The other half of the fix was the piece I should have been investing in all week: a continuous mirror of the active Keychain entry to the on-disk .cred, gated by an identity check, running on every usage poll. With that running, the dormant .cred is always close to whatever Claude Code most recently rotated into the Keychain, and the switch is just a hot exchange of bytes.

Stage 1: Normal operation with sync-daemon continuously mirroring the active Keychain credential to disk. Stage 2: On use secondary, capture the latest tokens from the current Keychain entry to the outgoing profile's .cred. Stage 3: Select the new profile and prepare to swap. Stage 4: Install the new profile into the Keychain; Claude Code reads the fresh credential on its next API call with no discontinuity.

Removing the refresh call took about sixteen hundred lines out of the repo: the refresh function and its retry choreography, per-lineage cooldowns, per-alias quarantines, the “needs recovery” UI badge, the cooldowns and clear-quarantine CLI subcommands, and the runbook docs that all of it required. Every line was a defense against a class of failure the dashboard no longer creates.

What I take away

When a misbehaving system is one you’re building with an agent that’s eager to add layers, the instinct is to keep adding layers. Each layer fixes a specific log line. None of them fix the misframing.

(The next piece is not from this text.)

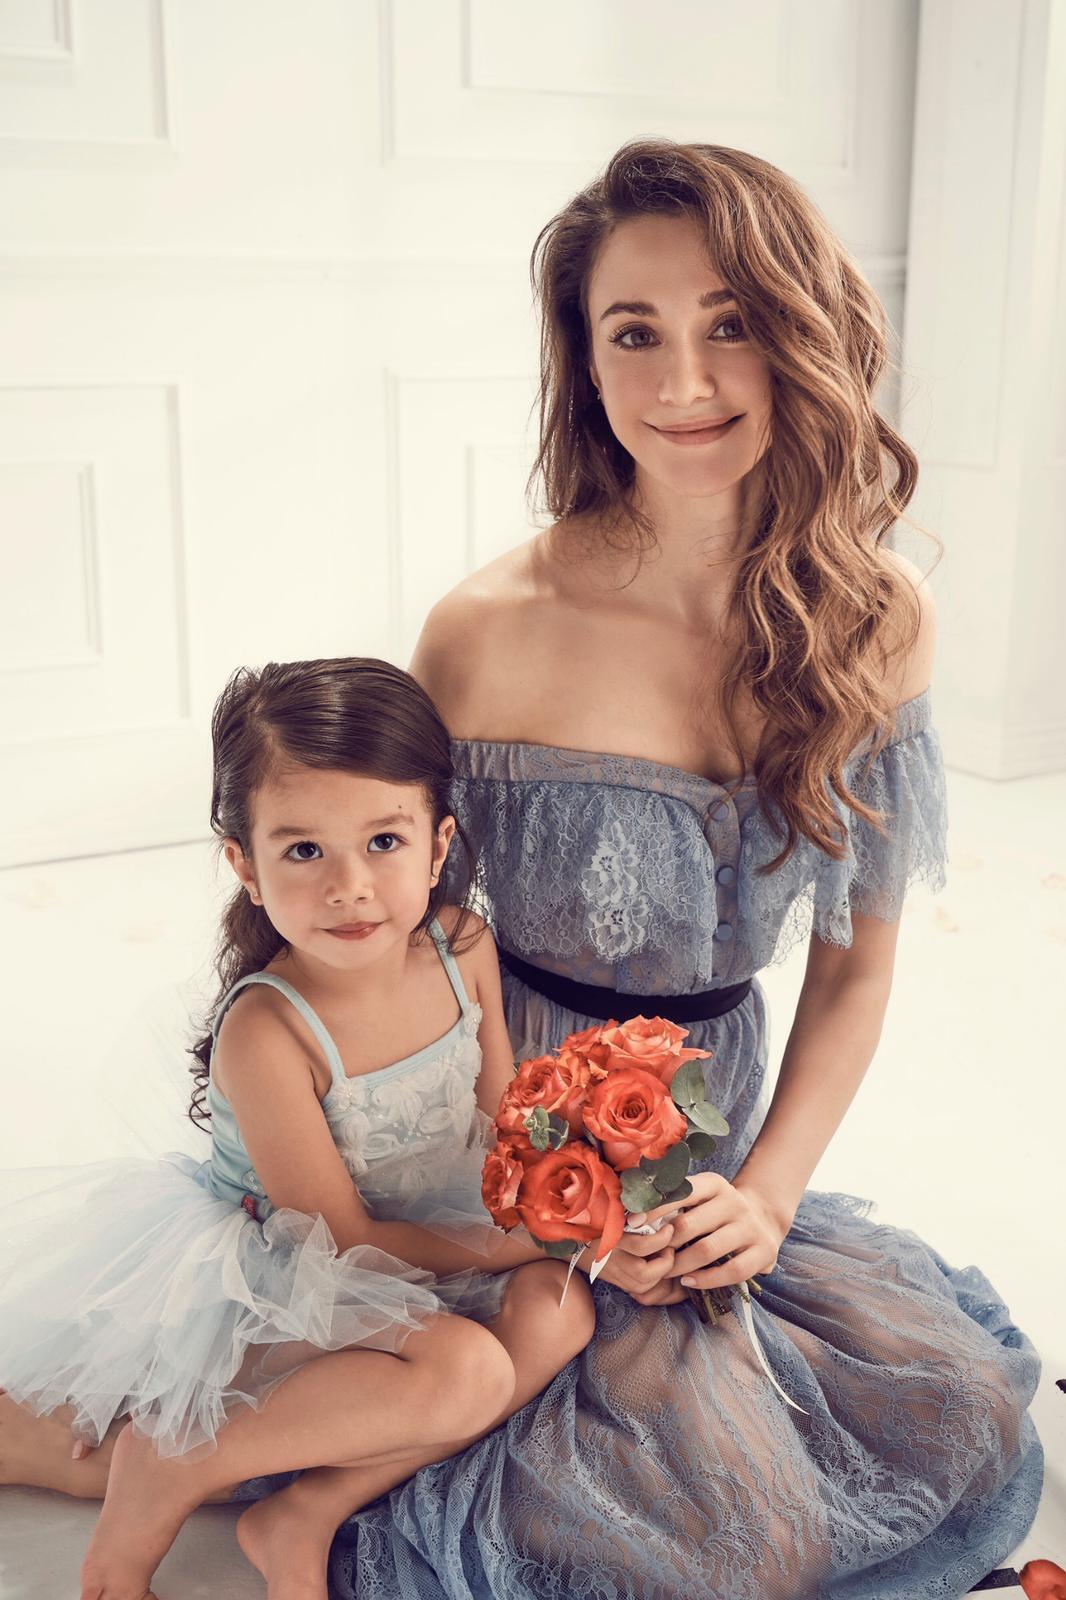 瑞莎和愛女Nika的合照彷彿一幅美麗的畫作。
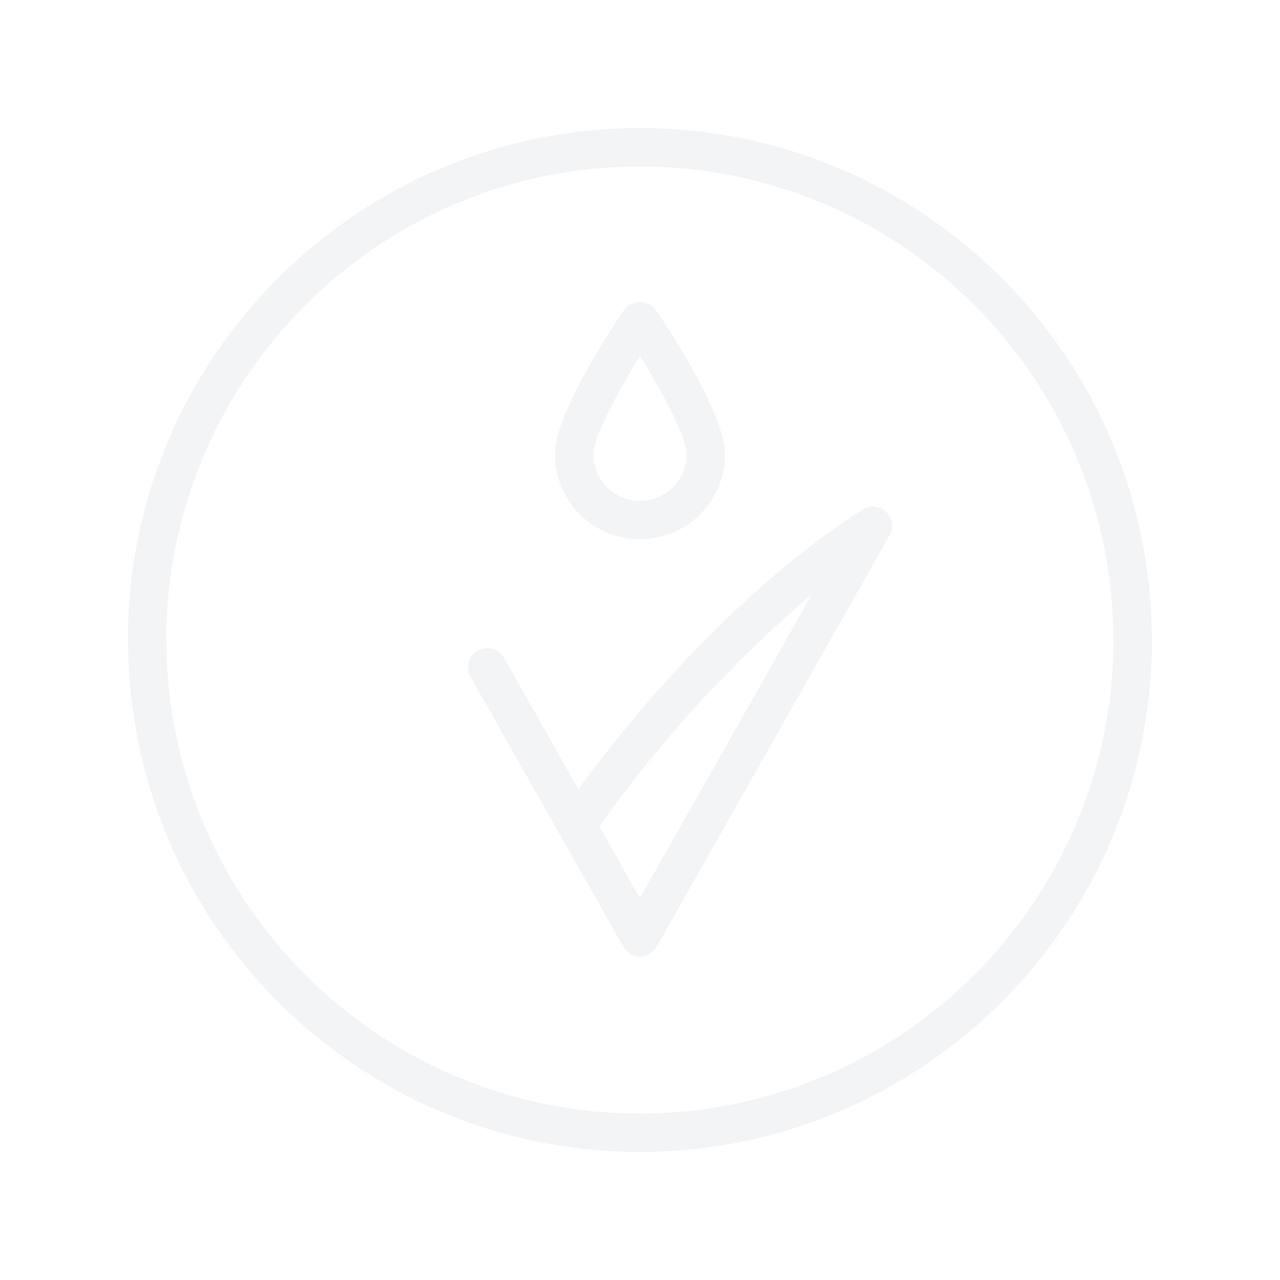 3db6439f27f JOIK ORGANIC Moisturising Nail & Cuticle Oil 10ml   LOVERTE

The misframing here was easy to miss because the agent was so productive inside it. The first refresh call had to happen on my side because the switcher needed to “validate” a dormant credential. From that one premise the agent extruded a whole runbook: cooldowns to handle the 429s, budgets to handle the cooldowns, quarantines to handle the budgets, recovery commands to handle the quarantines. Every iteration shipped, every iteration was internally consistent, every iteration made the failure mode harder to see.

The actual fix was to delete the premise. Once I stopped calling that endpoint, the rest fell out of the codebase by itself.

A 200 is a guarantee that the surface contract was met. It is not a guarantee the resulting state is healthy. The honest fix wasn’t a better spoof; it was admitting I shouldn’t have been calling that endpoint at all.

I said in last week’s post that I’d rather own a switchboard than pay for a bigger meter. A switchboard only helps if I don’t get my wires crossed. It turns out keeping the wires uncrossed isn’t even a wiring job; it’s a discipline about which wires are actually mine to touch.